(INPUT RECORDS Opens)

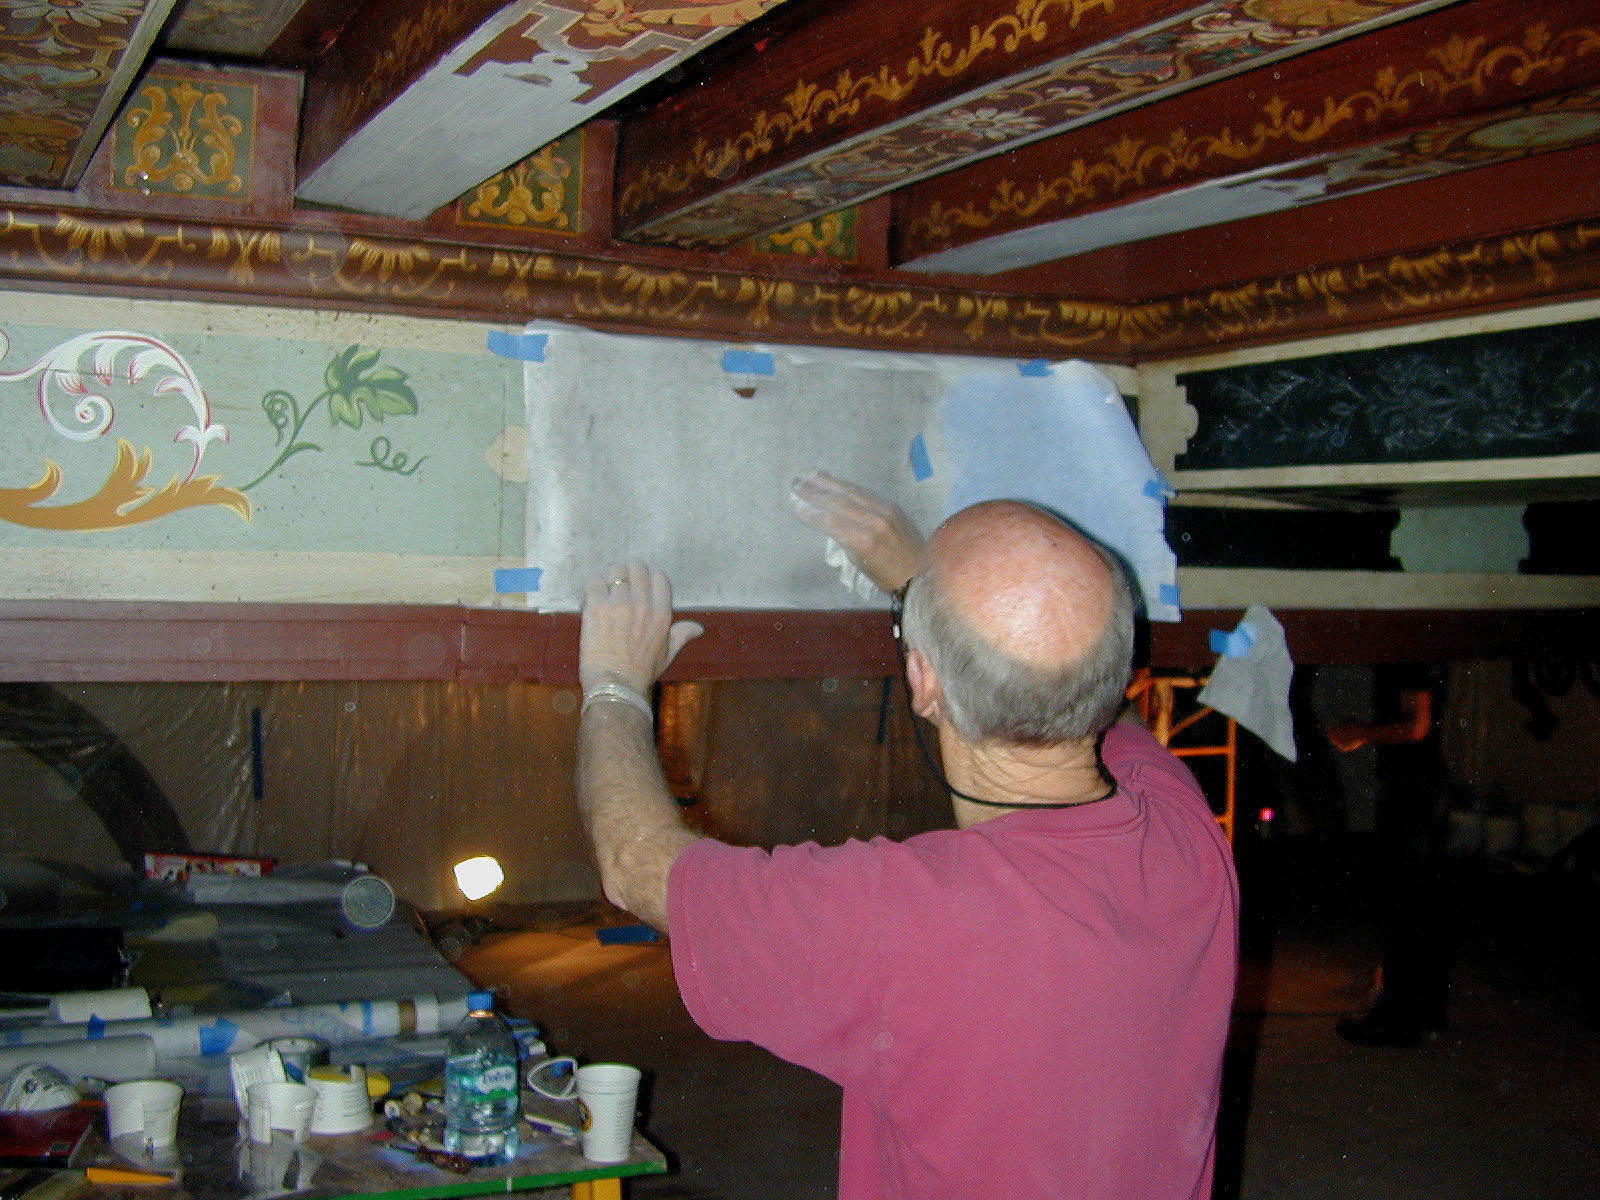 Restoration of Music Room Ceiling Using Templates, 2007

(INPUT RECORDS Closes)
(INPUT RECORDS Opens)

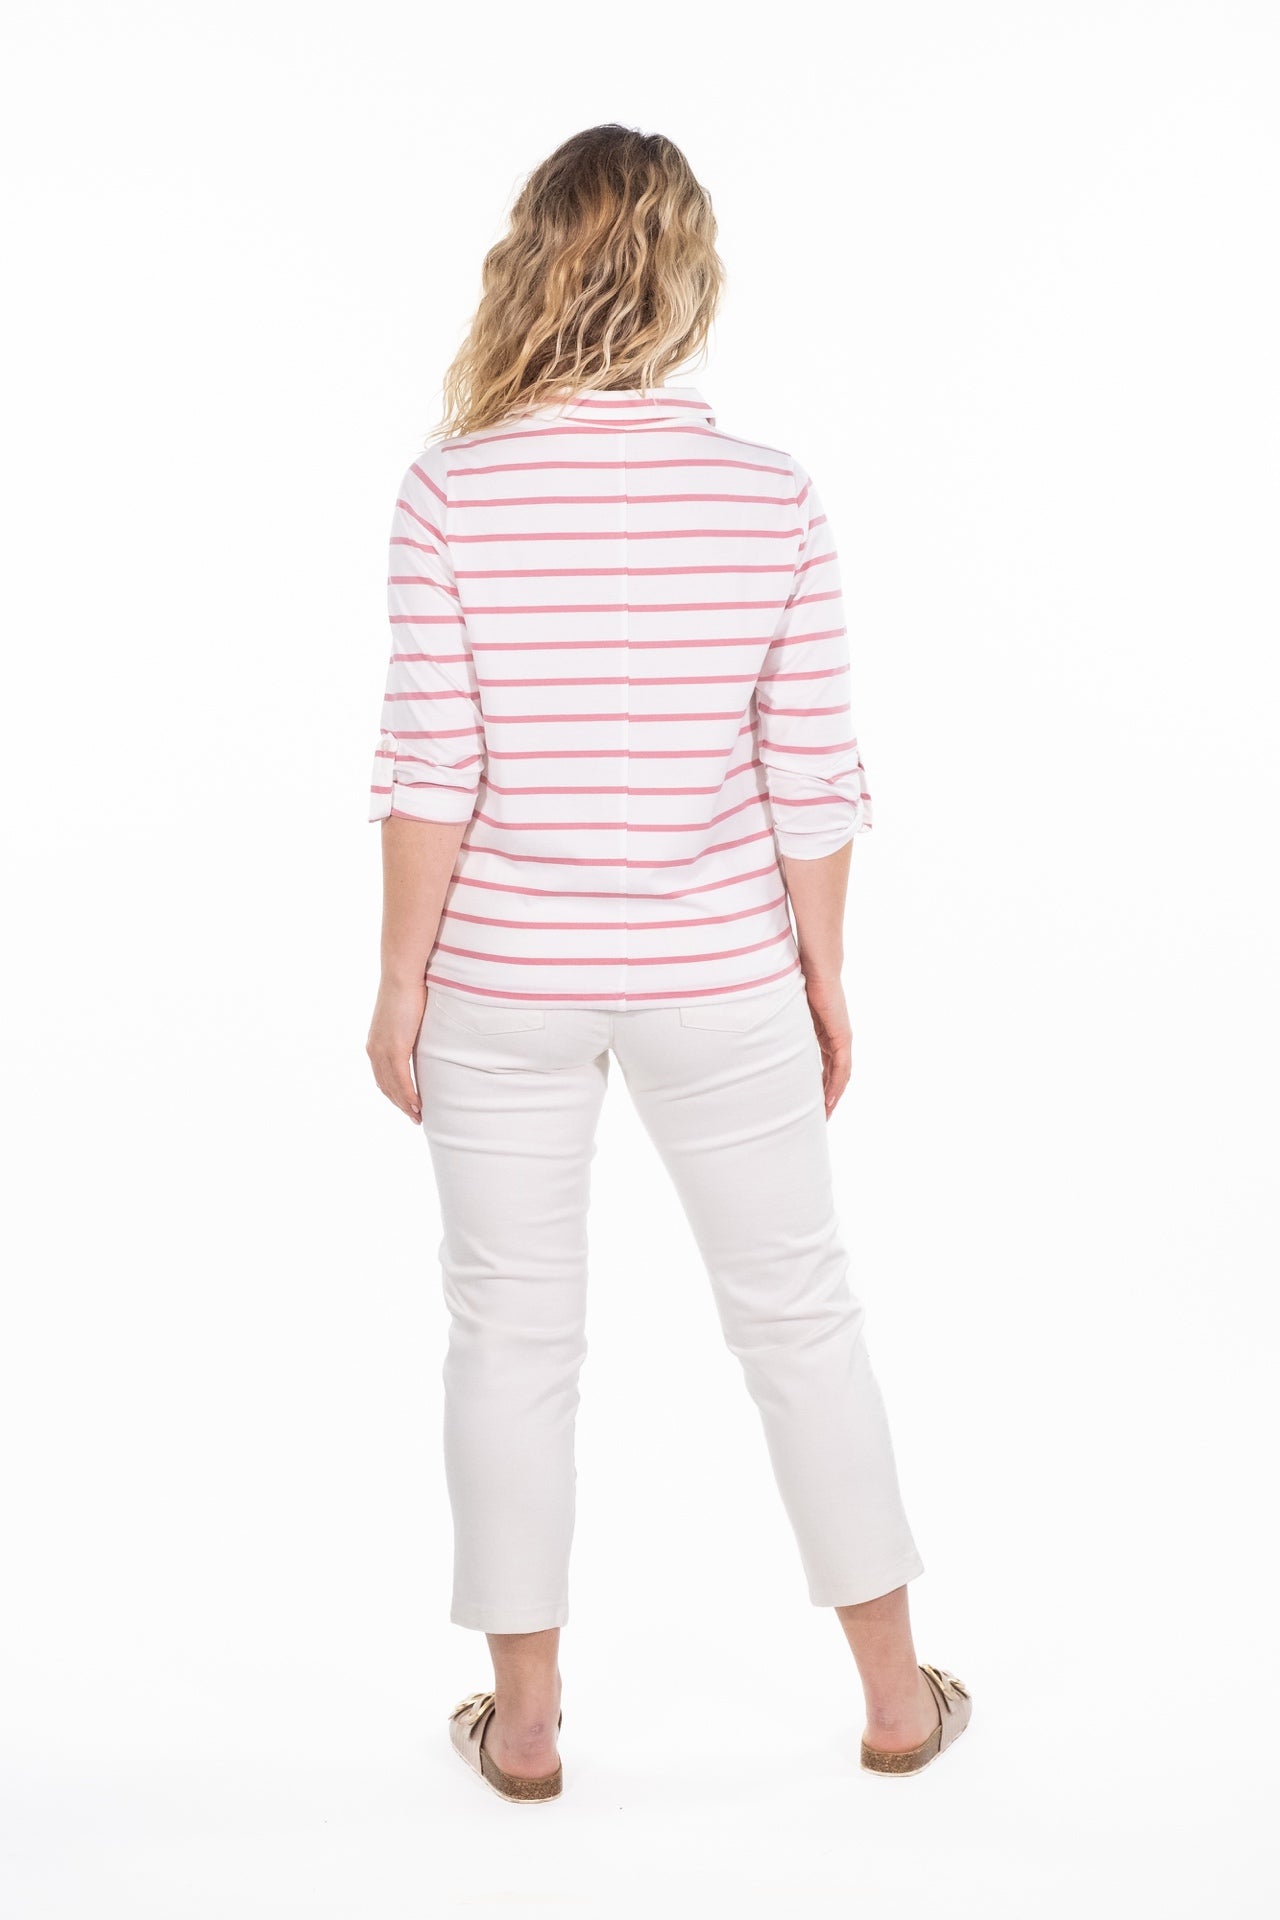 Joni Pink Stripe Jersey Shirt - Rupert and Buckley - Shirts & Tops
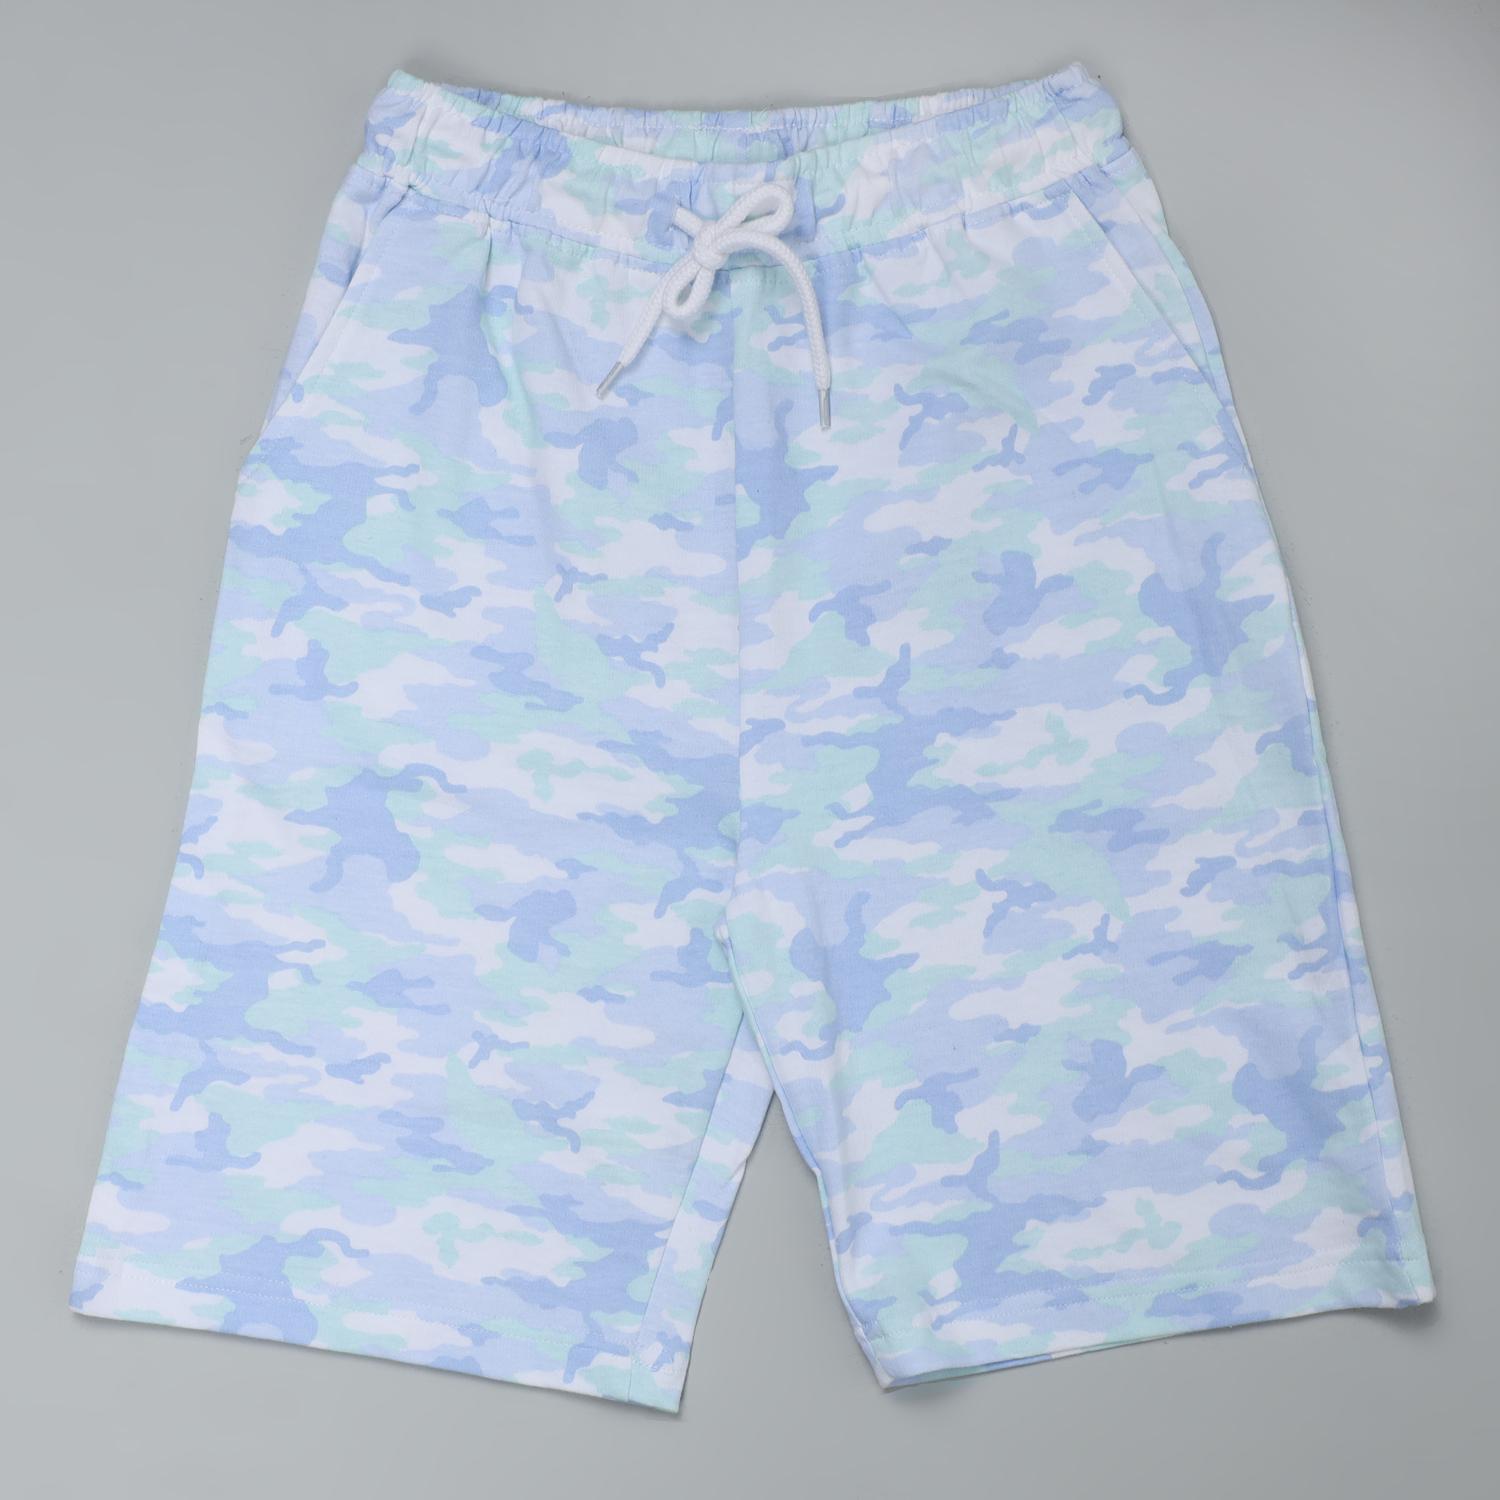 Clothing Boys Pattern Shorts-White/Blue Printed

(INPUT RECORDS Closes)
(INPUT RECORDS Opens)

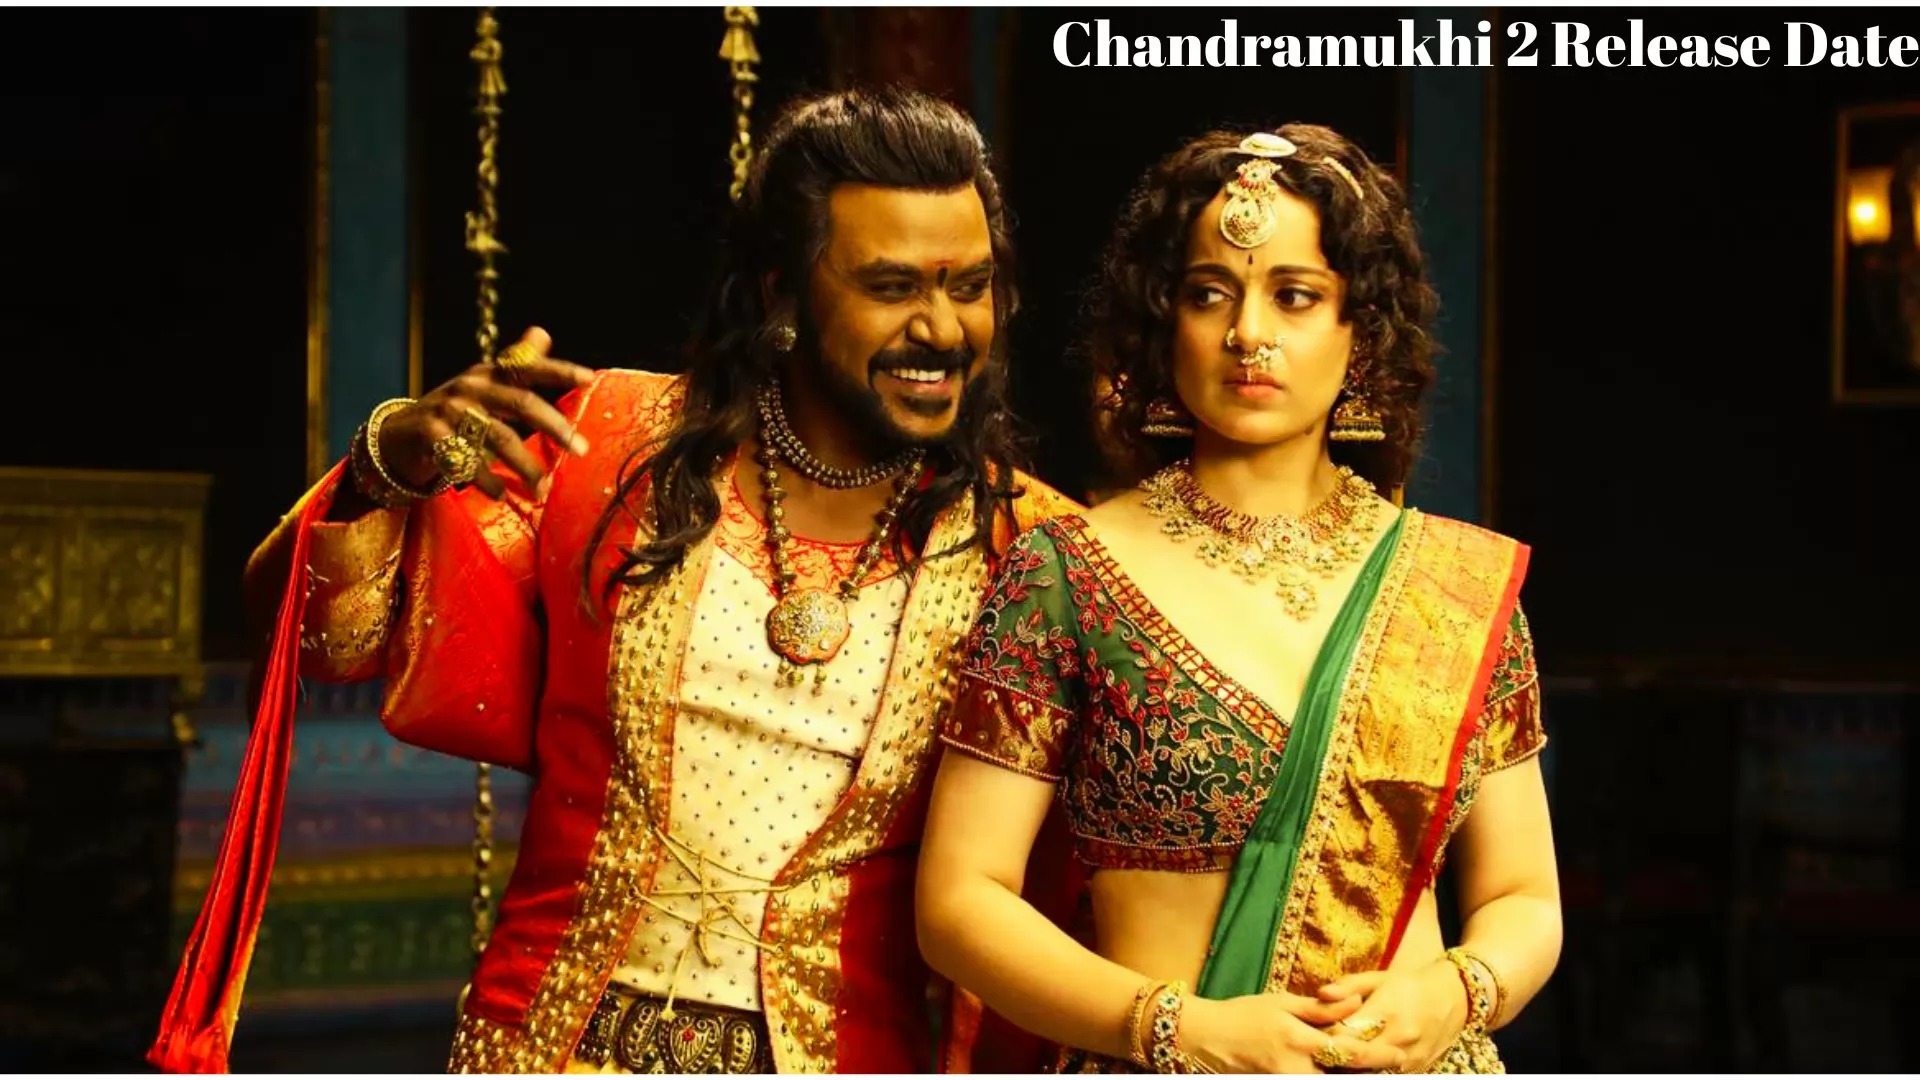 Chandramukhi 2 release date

(INPUT RECORDS Closes)

Starting at the line containing "Joni Pink Stripe" and stopping at the line containing "Clothing Boys Pattern", output each line exactly as it appears above. Leave out the pictures.

SOLUTION TO THIS EXERCISE:
 Joni Pink Stripe Jersey Shirt - Rupert and Buckley - Shirts & Tops
 Clothing Boys Pattern Shorts-White/Blue Printed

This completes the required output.